6. The multimodal fusion detection method according to claim 1, characterized in that, The detection head network includes at least one fully connected layer and a softmax classification layer and / or a sigmoid discriminant layer; The softmax classification layer is used to output multi-class classification results, and the sigmoid discriminant layer is used to output binary classification anomaly detection results.
7. The multimodal fusion detection method according to claim 1, characterized in that, The step S106, which involves displaying and / or alarming based on the detection results, includes: The monitoring interface displays the first modal image of the object to be detected and the detection result; in response to the detection result meeting the preset abnormal conditions, it issues an audible and visual alarm signal and / or sends an alarm message to the host computer.

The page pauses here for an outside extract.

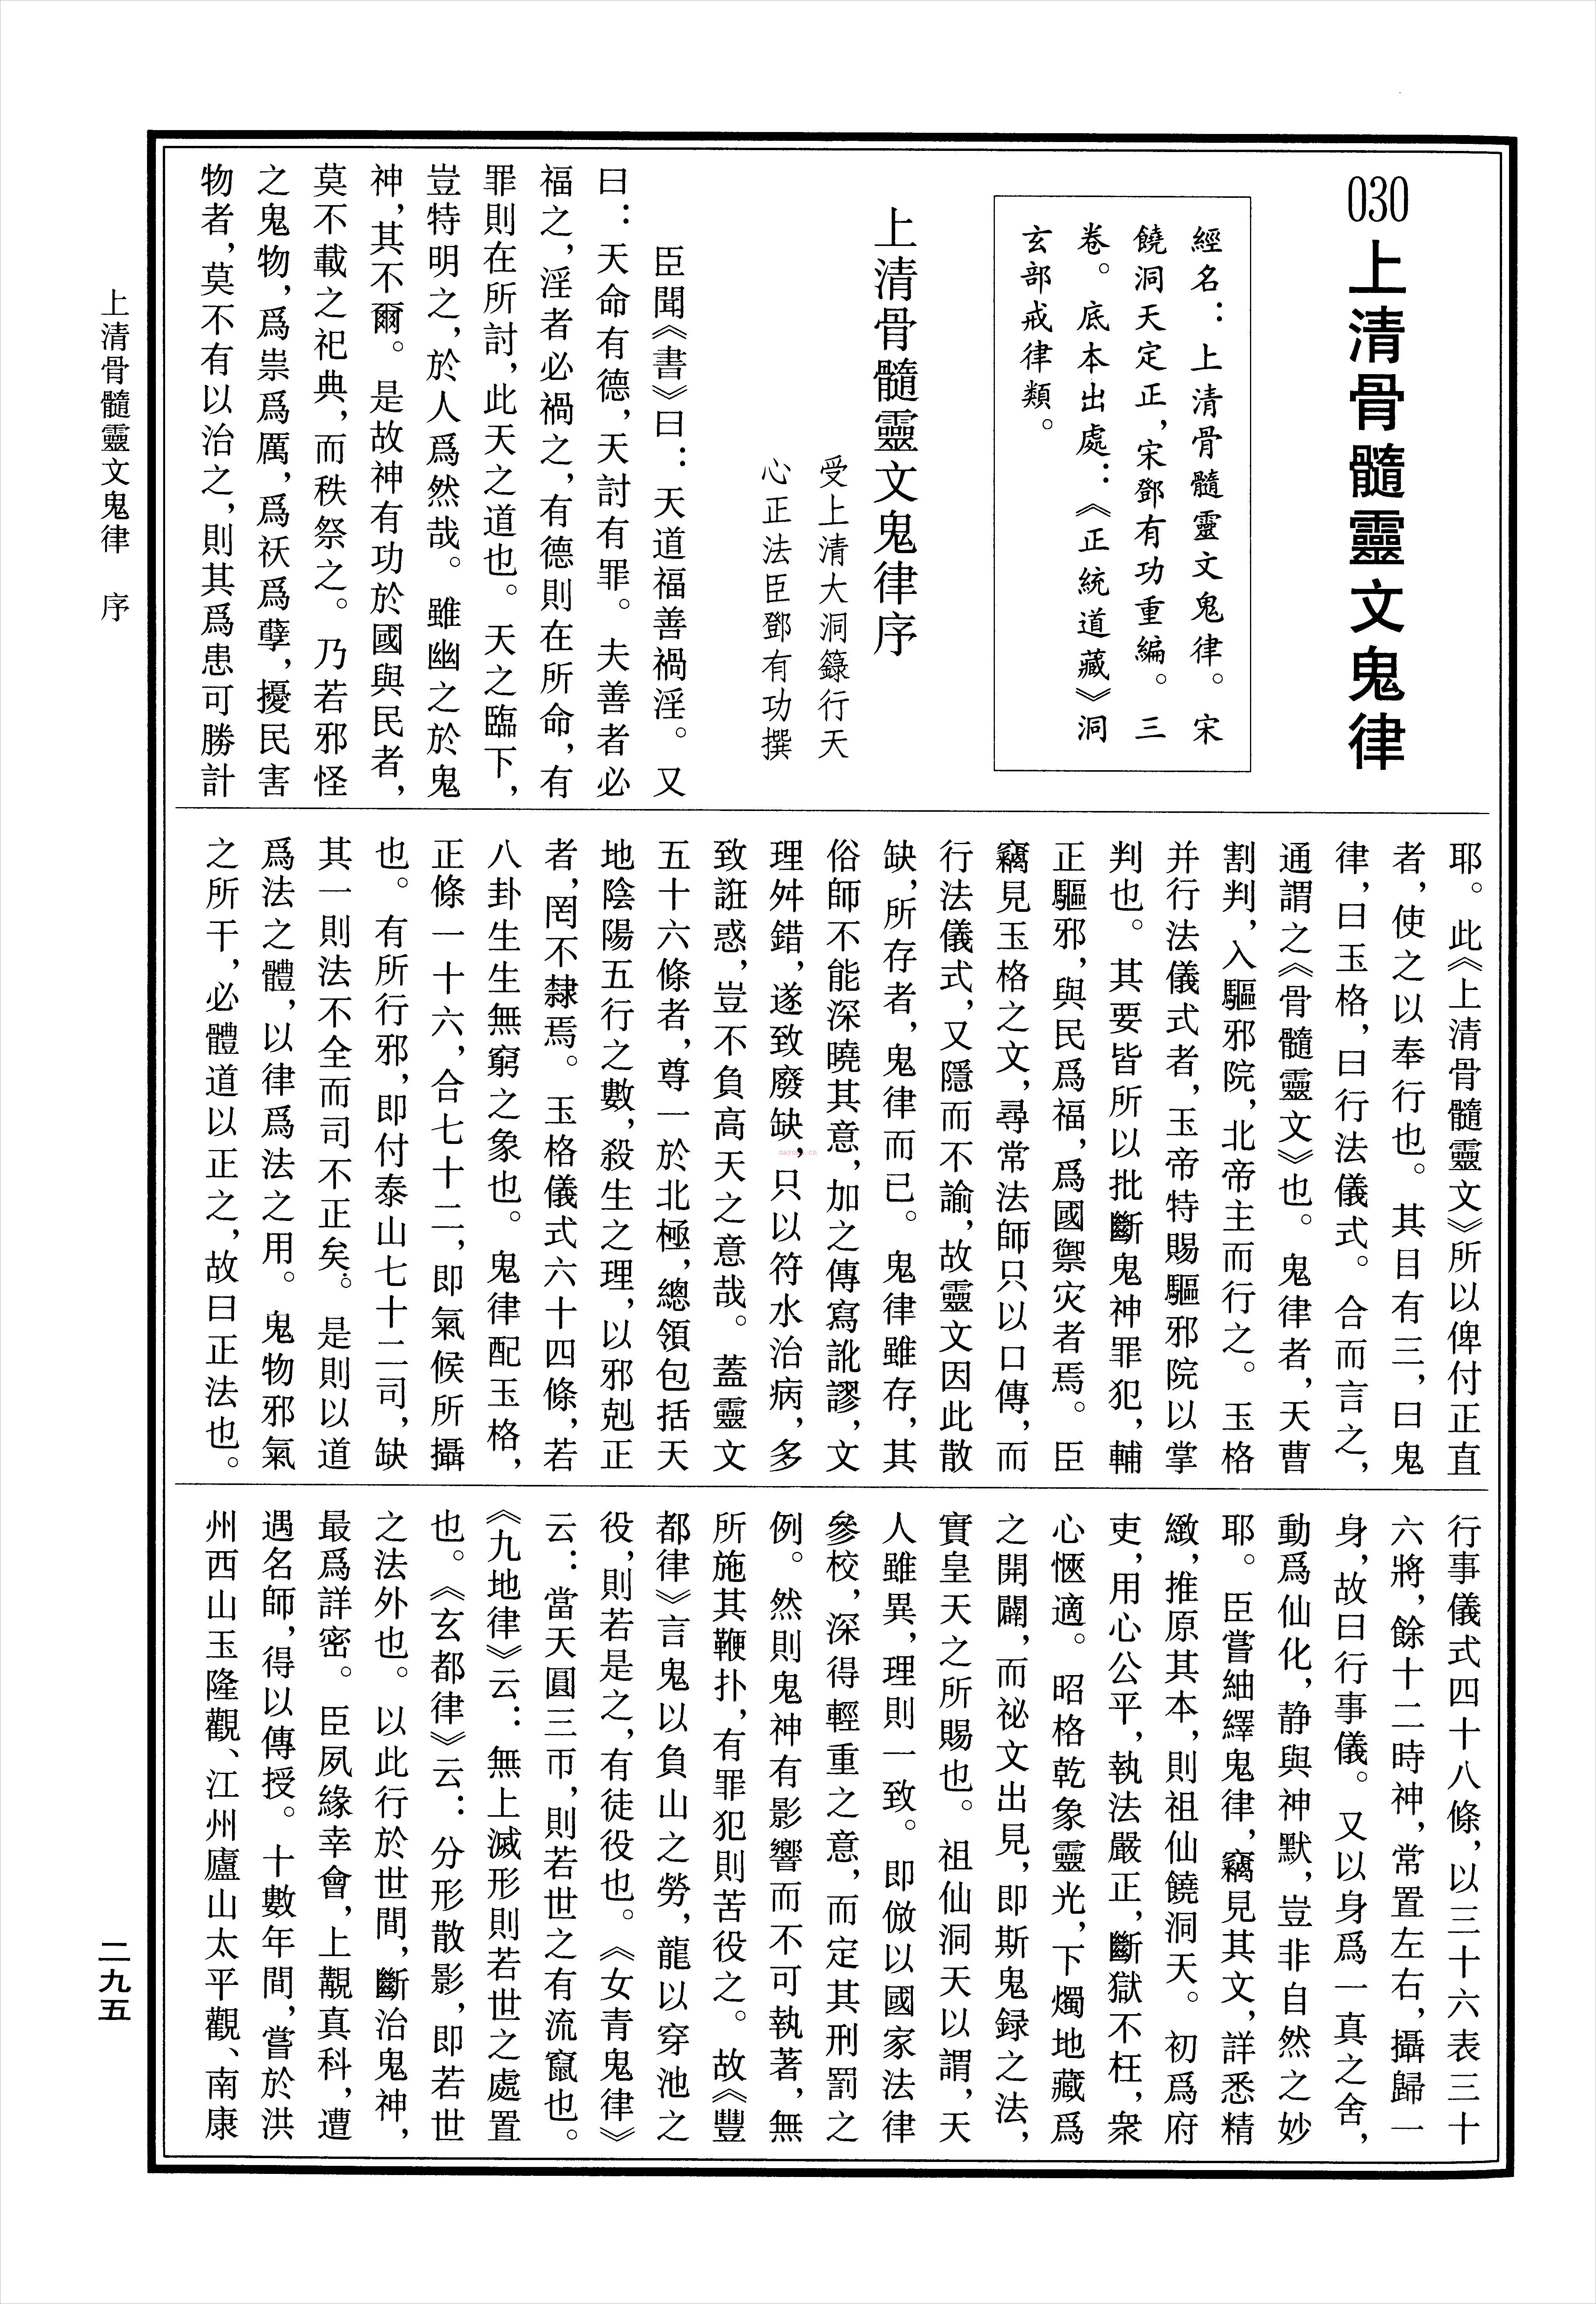 上清骨髓灵文鬼律13页.pdf 百度网盘资源

8. The multimodal fusion detection method according to claim 1, characterized in that, The method further includes: The fused feature representation and detection results are stored as a historical sample dataset; Based on the historical sample dataset, the CNN channels, the Transformer channels, and the dual-channel feature fusion layer are retrained online or offline; wherein, the retraining process includes: A modality reliability weight adjustment mechanism is introduced to dynamically update the fusion weights based on the quality of each modality data in historical samples; convolution kernel pruning is performed on the CNN channels, and attention sparsification is performed on the Transformer channels to continuously improve the multimodal fusion detection performance and inference real-time performance.
9. A computer-readable storage medium, characterized in that, The computer-readable storage medium stores a computer program, which is loaded and executed by a processor to implement the multimodal fusion detection method as described in any one of claims 1 to 8.